Summary. The manuscript proposes a single adaptive proximal gradient algorithm for min f(x) + g(x) (g convex and simple) in which step sizes are formed by accumulating squared norms of the gradient mapping in the denominator. The central claim is that this construction, without any problem-class-specific modification or knowledge of smoothness/convexity parameters, attains the standard proximal-gradient convergence rates (up to logarithmic factors) simultaneously for non-convex smooth, convex nonsmooth, and convex smooth objectives, in both deterministic and stochastic regimes, under only bounded-iterates and bounded-variance assumptions. An accelerated variant is also introduced for the convex setting that preserves near-optimal rates for the nonsmooth case and improves the smooth case to Õ(1/t² + σ/√t). New noise-control arguments are developed that apply uniformly across all three classes.

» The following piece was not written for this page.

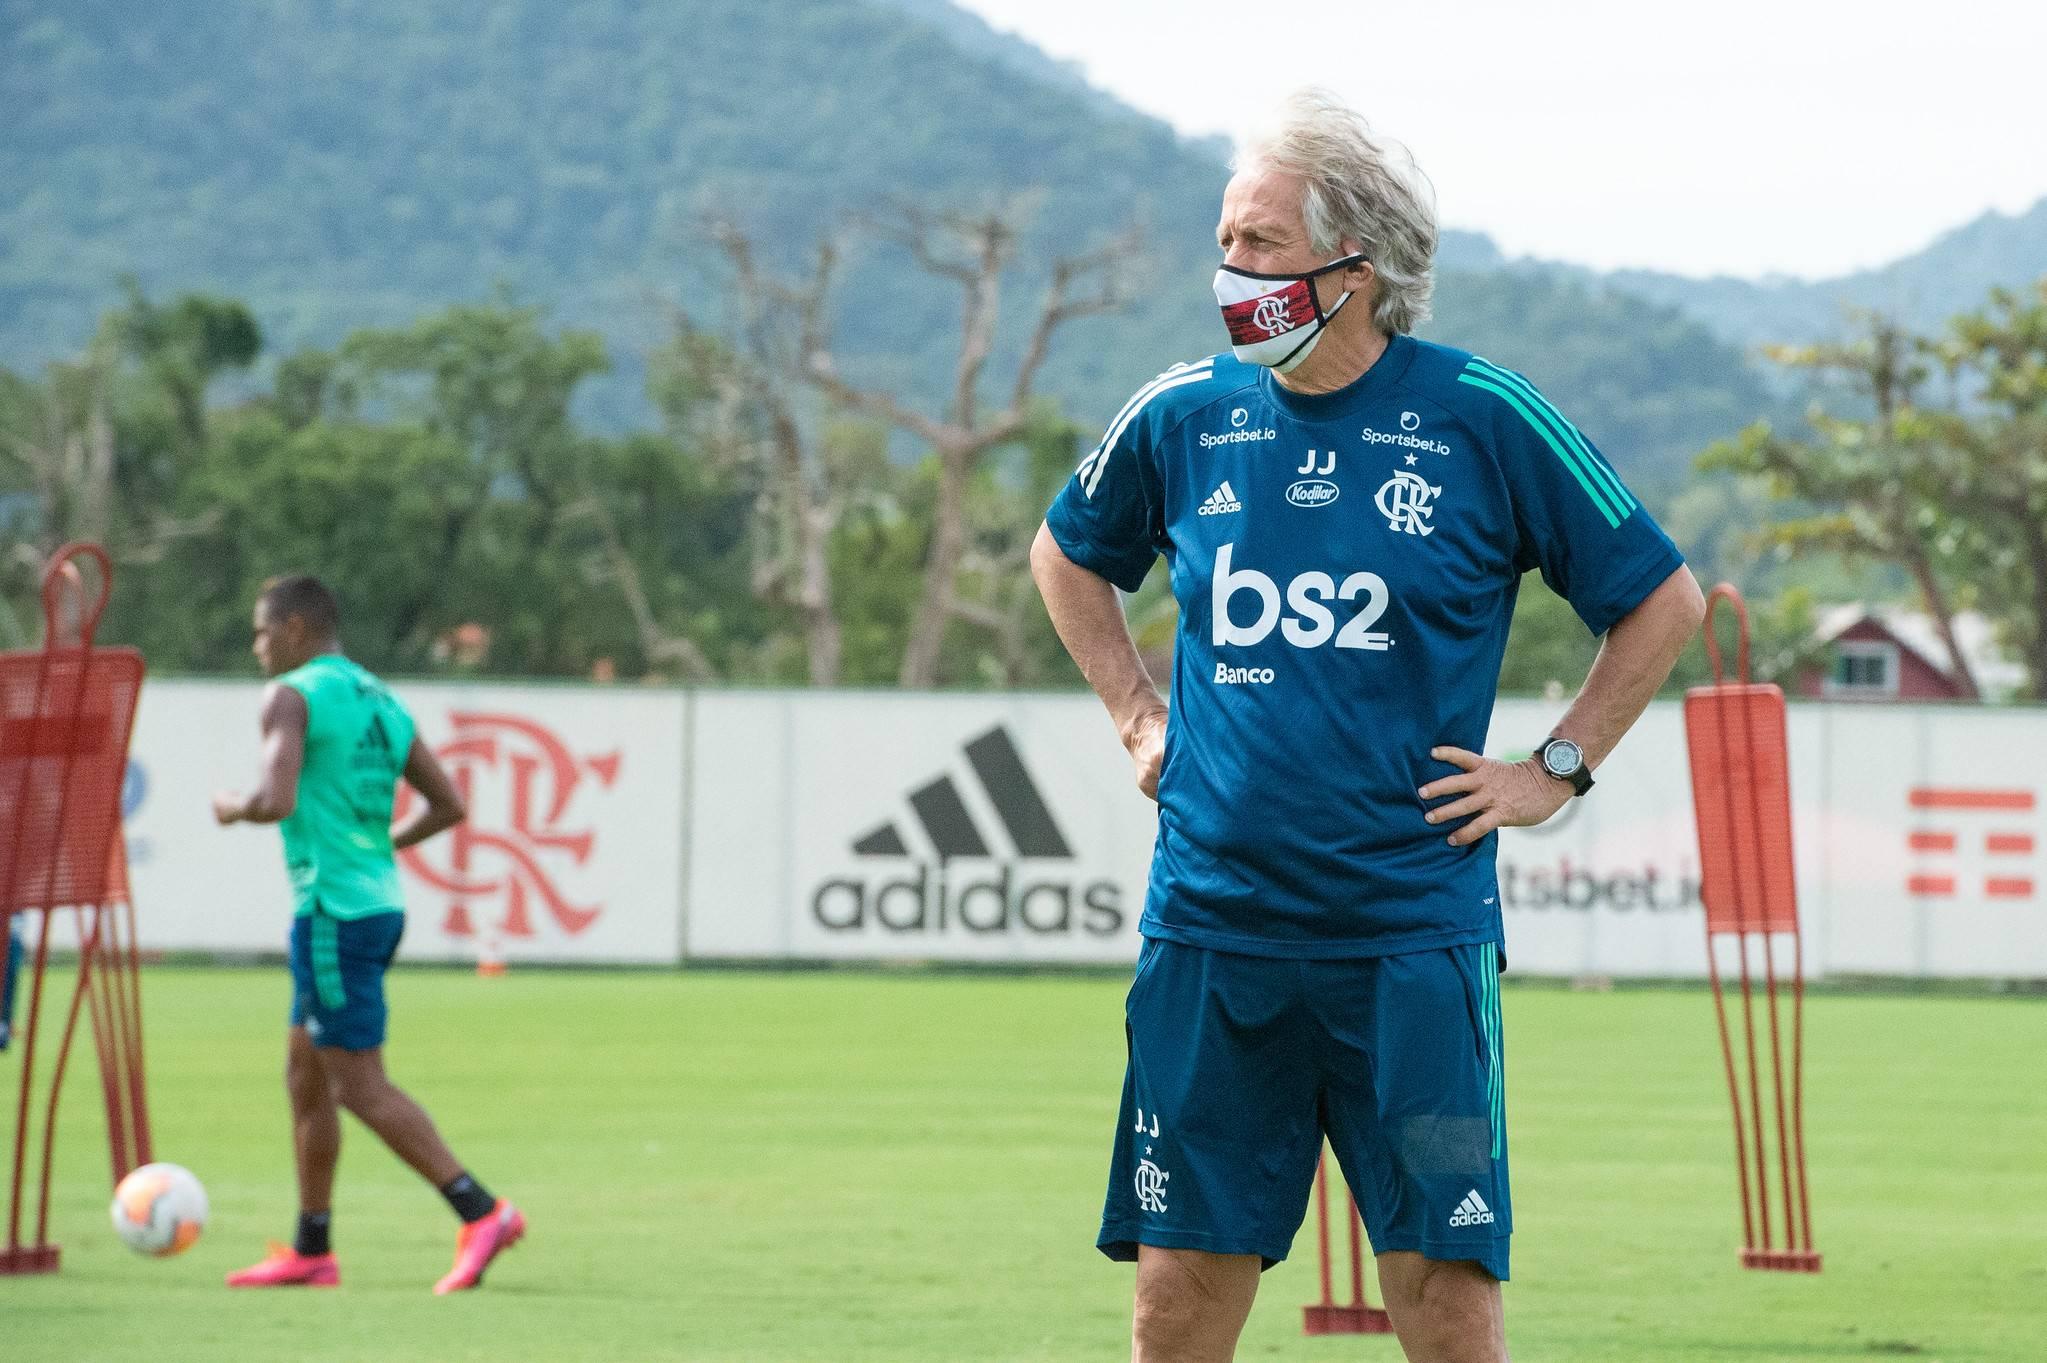 Jorge Jesus comanda treino no Flamengo. Foto: Alexandre Vidal/Flamengo.
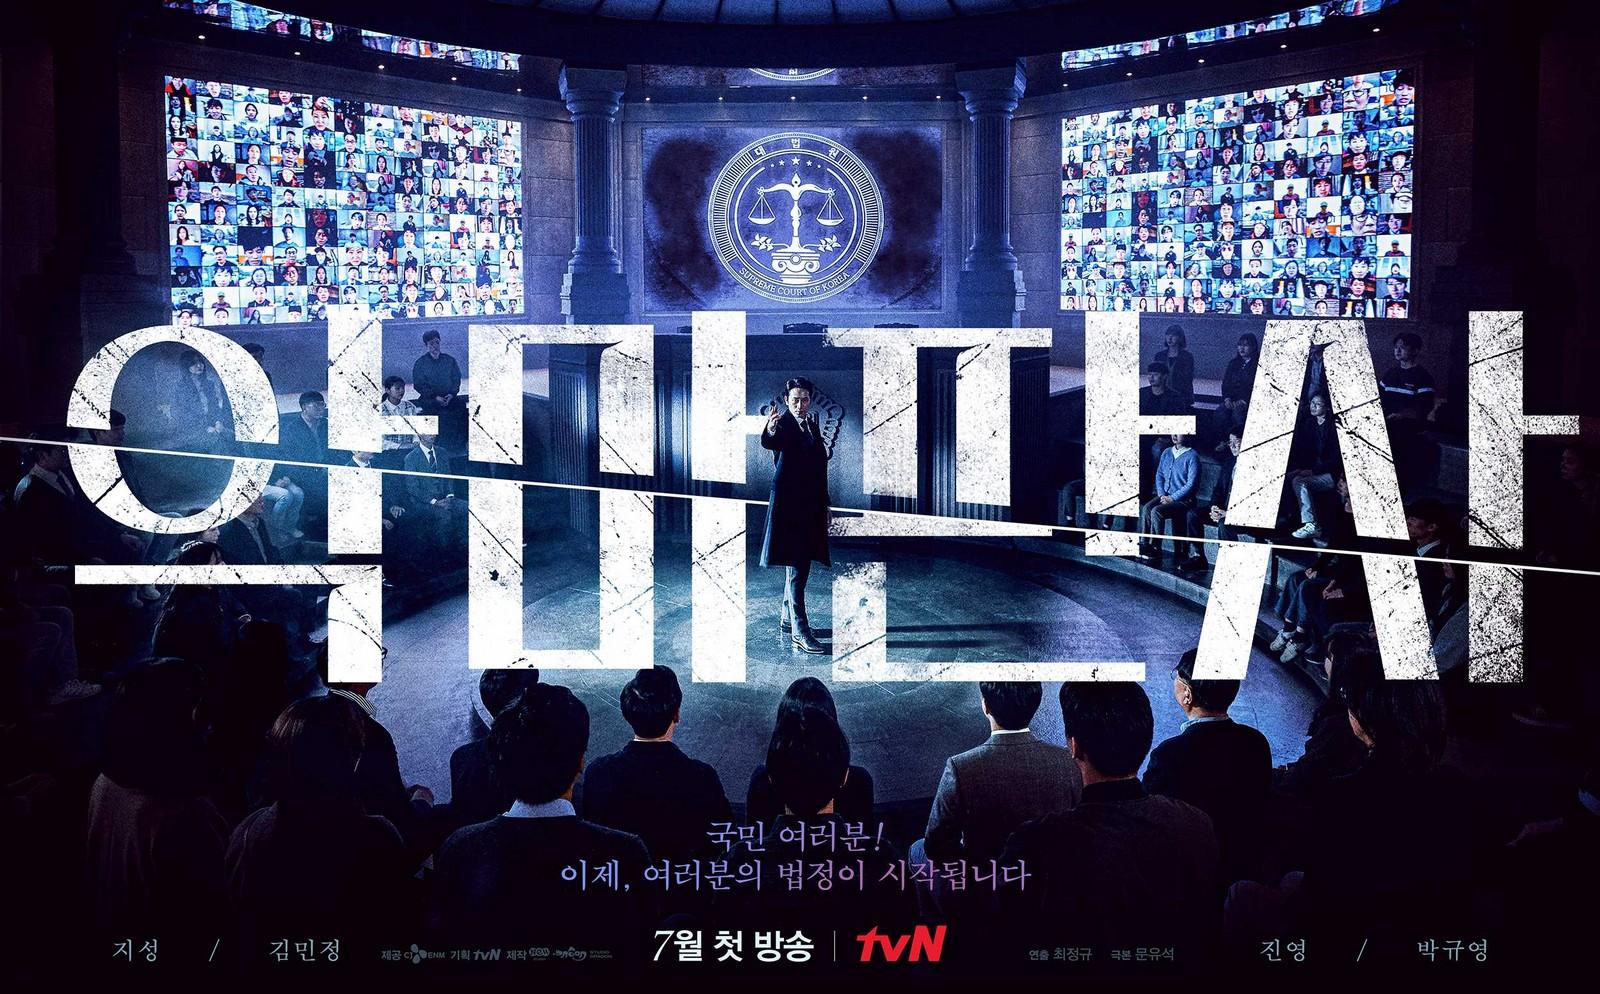 Дьявольский судья / The Devil Judge (2021) Южная Корея

Significance. If the stated rates and uniform analysis hold, the work would constitute a meaningful advance in adaptive first-order methods by eliminating the need for case-by-case tuning or parameter knowledge while retaining (near-)optimal guarantees across disparate problem classes. The uniform stochastic-noise control technique is a clear technical strength that could simplify future analyses. The accelerated convex-smooth rate being optimal up to logs is also noteworthy. The explicit identification of the bounded-iterates hypothesis as necessary for the non-convex case is appropriately cautious.

minor comments (2)
  1. [Abstract] Abstract: the claimed rates are described only qualitatively (“matching those of the proximal gradient method up to logarithmic factors”). Stating the precise rates (including the explicit log factors) already in the abstract would make the contribution immediately clearer to readers.
  2. [Introduction] The bounded-iterates assumption is flagged as necessary for the non-convex case, but its precise quantitative role in controlling the accumulated denominator is not previewed; a one-sentence remark in the introduction would help.

Simulated Author's Rebuttal

0 responses · 0 unresolved

We thank the referee for their careful reading and positive assessment of our manuscript. We appreciate the recognition of the uniform analysis across the three problem classes, the new noise-control techniques, and the near-optimal rates achieved by the accelerated variant. The recommendation for minor revision is noted, and we stand ready to incorporate any editorial or minor clarifications in the revised version.

Circularity Check

0 steps flagged

No significant circularity detected in derivation chain

full rationale

The paper defines an adaptive proximal gradient method whose step sizes are formed by accumulating squared gradient-mapping norms in the denominator, then proves convergence rates (matching proximal gradient up to logarithmic factors) for non-convex smooth, convex nonsmooth, and convex smooth objectives under explicitly stated bounded-iterates and bounded-variance assumptions. The analysis introduces new noise-control arguments that apply uniformly across classes and regimes; no equation reduces a claimed rate to a fitted parameter, self-referential definition, or prior self-citation that itself depends on the target result. The bounded-iterates hypothesis is flagged as necessary for the non-convex case and is a standard external condition rather than an ansatz smuggled via citation. The construction and rates are therefore self-contained against external benchmarks.

Axiom & Free-Parameter Ledger

0 free parameters · 2 axioms · 0 invented entities

The central claim rests on two domain assumptions stated in the abstract; no free parameters or invented entities are mentioned.

axioms (2)
  • domain assumption bounded-iterates assumption
    Invoked to guarantee convergence across all three problem classes in both deterministic and stochastic settings.
  • domain assumption bounded-variance assumption
    Required for the stochastic setting to control noise effects.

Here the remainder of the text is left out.